While the housekeeper tends to your mother, you disappear into your room. In there, you rush into the corner inside your closet, behind the colorful dresses you never wear. There you painfully dig your nails across your arm, trading one pain for another. You hide the self-inflicted wounds with a long sleeve and get out of your hiding space. That’s the only space that belongs to you. The rest is all hers. Even after decades of living there, not even your room is yours.
You find your mother sitting in your bed, “I got you new clothes.”
She drops the dresses on the bed before you even reach for them. She leaves the room with a grin on her face. You don’t want to question the nice gesture, but you still inspect the dresses. They are two sizes too small. You hear her chuckle from outside the door.
There’s a new determination in you. You sit at the desk and begin to write.
It is nearly midnight when a strange man drags you from your room to the living room. He throws you into the pile of trembling people in the corner of the room. There is an odd iron smell in the air. The room usually smells like your mother’s perfume-a sweet, yet terrifying scent. The incessant whimpers from the staff immediately make you realize that a tragedy has already occurred, however, you don’t check who or how many are already dead. Your housekeeper tries to put her arms around you, but you don’t let her. You try to keep your eyes on the ground, then again, hearing your mother’s pleas make you look up. The men pull your mother away from the small group. Their screams almost didn’t let you hear the man demanding the combination to the safe box. Your mother cries as one of the men try to shake the answer out your mother.
The leader of the intruders slaps her to the ground. Your mother continues to whimper; this makes the man clenched his fists and yells the same question.
You sit up at the same moment as some remaining members of the staff start to rock back and forth; one or two are wrapping their arms around them. Nevertheless, the commotion behind you doesn’t interrupt your focus at all.
The distant sound of your housekeeper’s voice begs you to avert your eyes. You shake your head. NO. Not looking is their thing. What they always do. They walk past the beating and look away. You are going to watch.
With eyes fixed on the scene, you savor each hit. If they continue with the treatment, soon her body will match yours; then, she won’t be able to correct people when they disgustingly comment how you two are practically twins.
Your dead father was wrong. These men aren’t brutes; instead, they are avenging angels. You move closer to his body, wanting to shake him to wake up. He needs to open his eyes and witness how that woman truly deserves to be treated. You give up in order to start counting each bruise. You want to make sure each of her matches one of yours.
The first avenging bruise forms at her neck. The man yanks your necklace off with the same force she took it from your own neck.
Licking your lips, you watch as her tears fall on the marble floor; the same floor that tasted your bitter tears when she gave away your puppy.
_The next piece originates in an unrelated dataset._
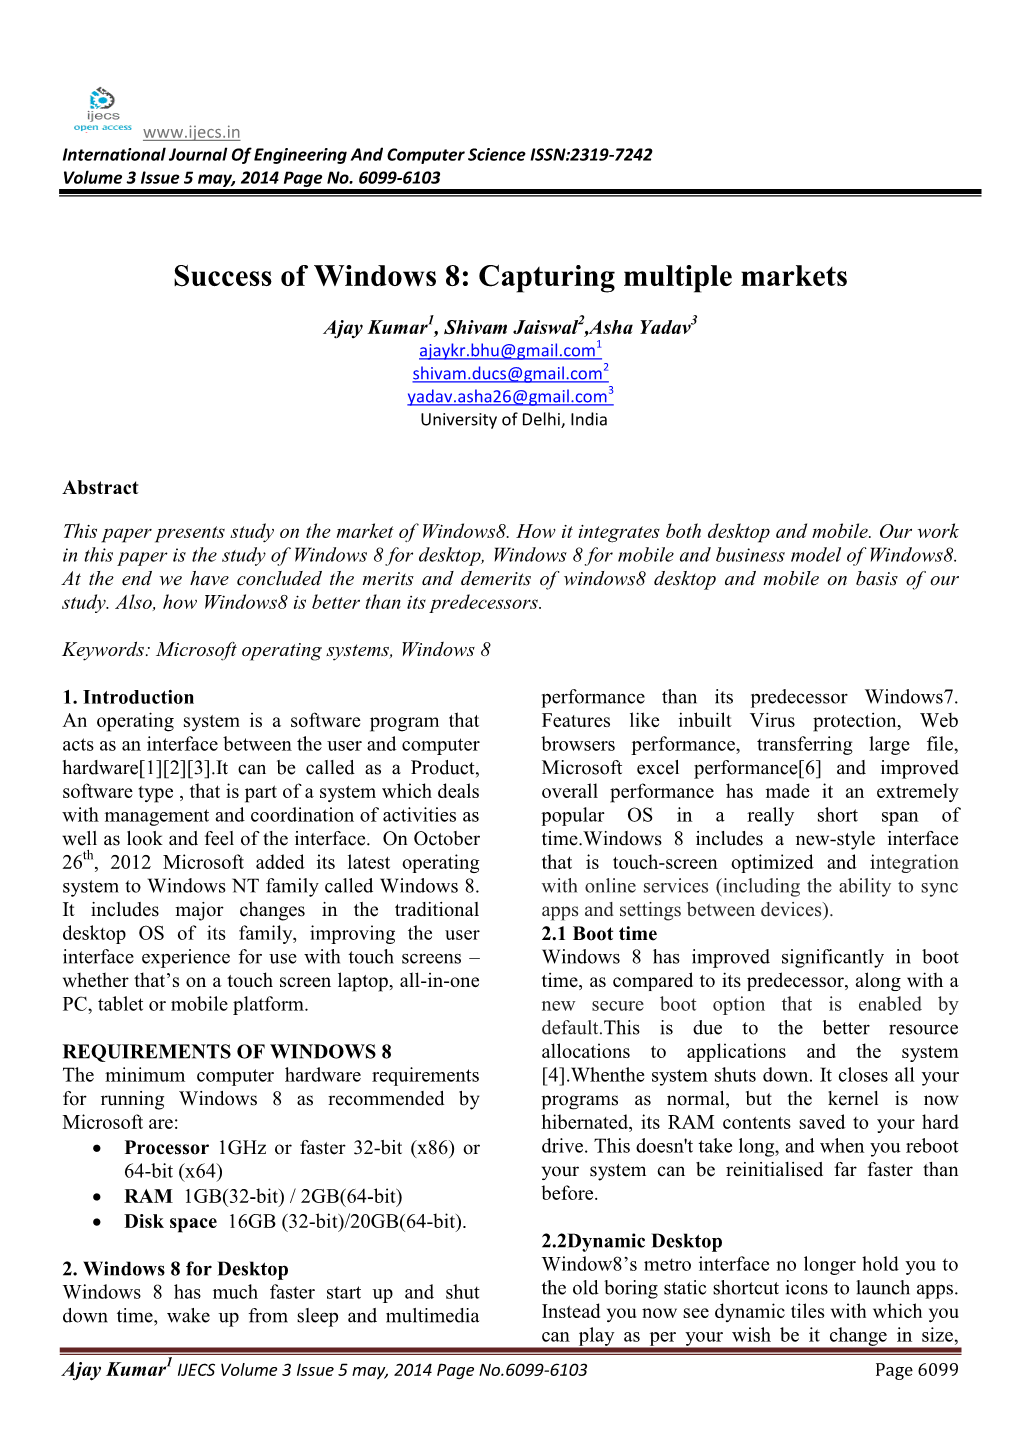 Success of Windows 8: Capturing Multiple Markets

The first kick intends to avenge the time she hit you while calling you useless.
The second kick intends to avenge the numerous times she cruelly shouted that you were a demon sent to ruin her life.
The third kick intends to avenge all the times she manipulated you into believing that you weren’t worthy of being loved; how easily she convinced you that it was your own fault for being unlovable.
You gasped at the same time as she did. The man is now wrapping his hands around her throat. This one clearly is a punishment for the time you wrapped a pillow around your head in an attempt to suffocate yourself, trying desperately to drown her vile words.
Your mother stops digging her nails into the guy’s arms. She manages to grab the man’s pistol and without thinking, she throws the weapon into your direction. He was the only one armed because all of them run to grab the gun, but you beat them to it.
You pulled the trigger in the same rapid succession you clicked the pen you used to write your suicide letter-the letter you left unfinished because the man dragged you away from your desk.
The police arrive a few minutes after the neighbors make the call.
The intruders have left empty-handed.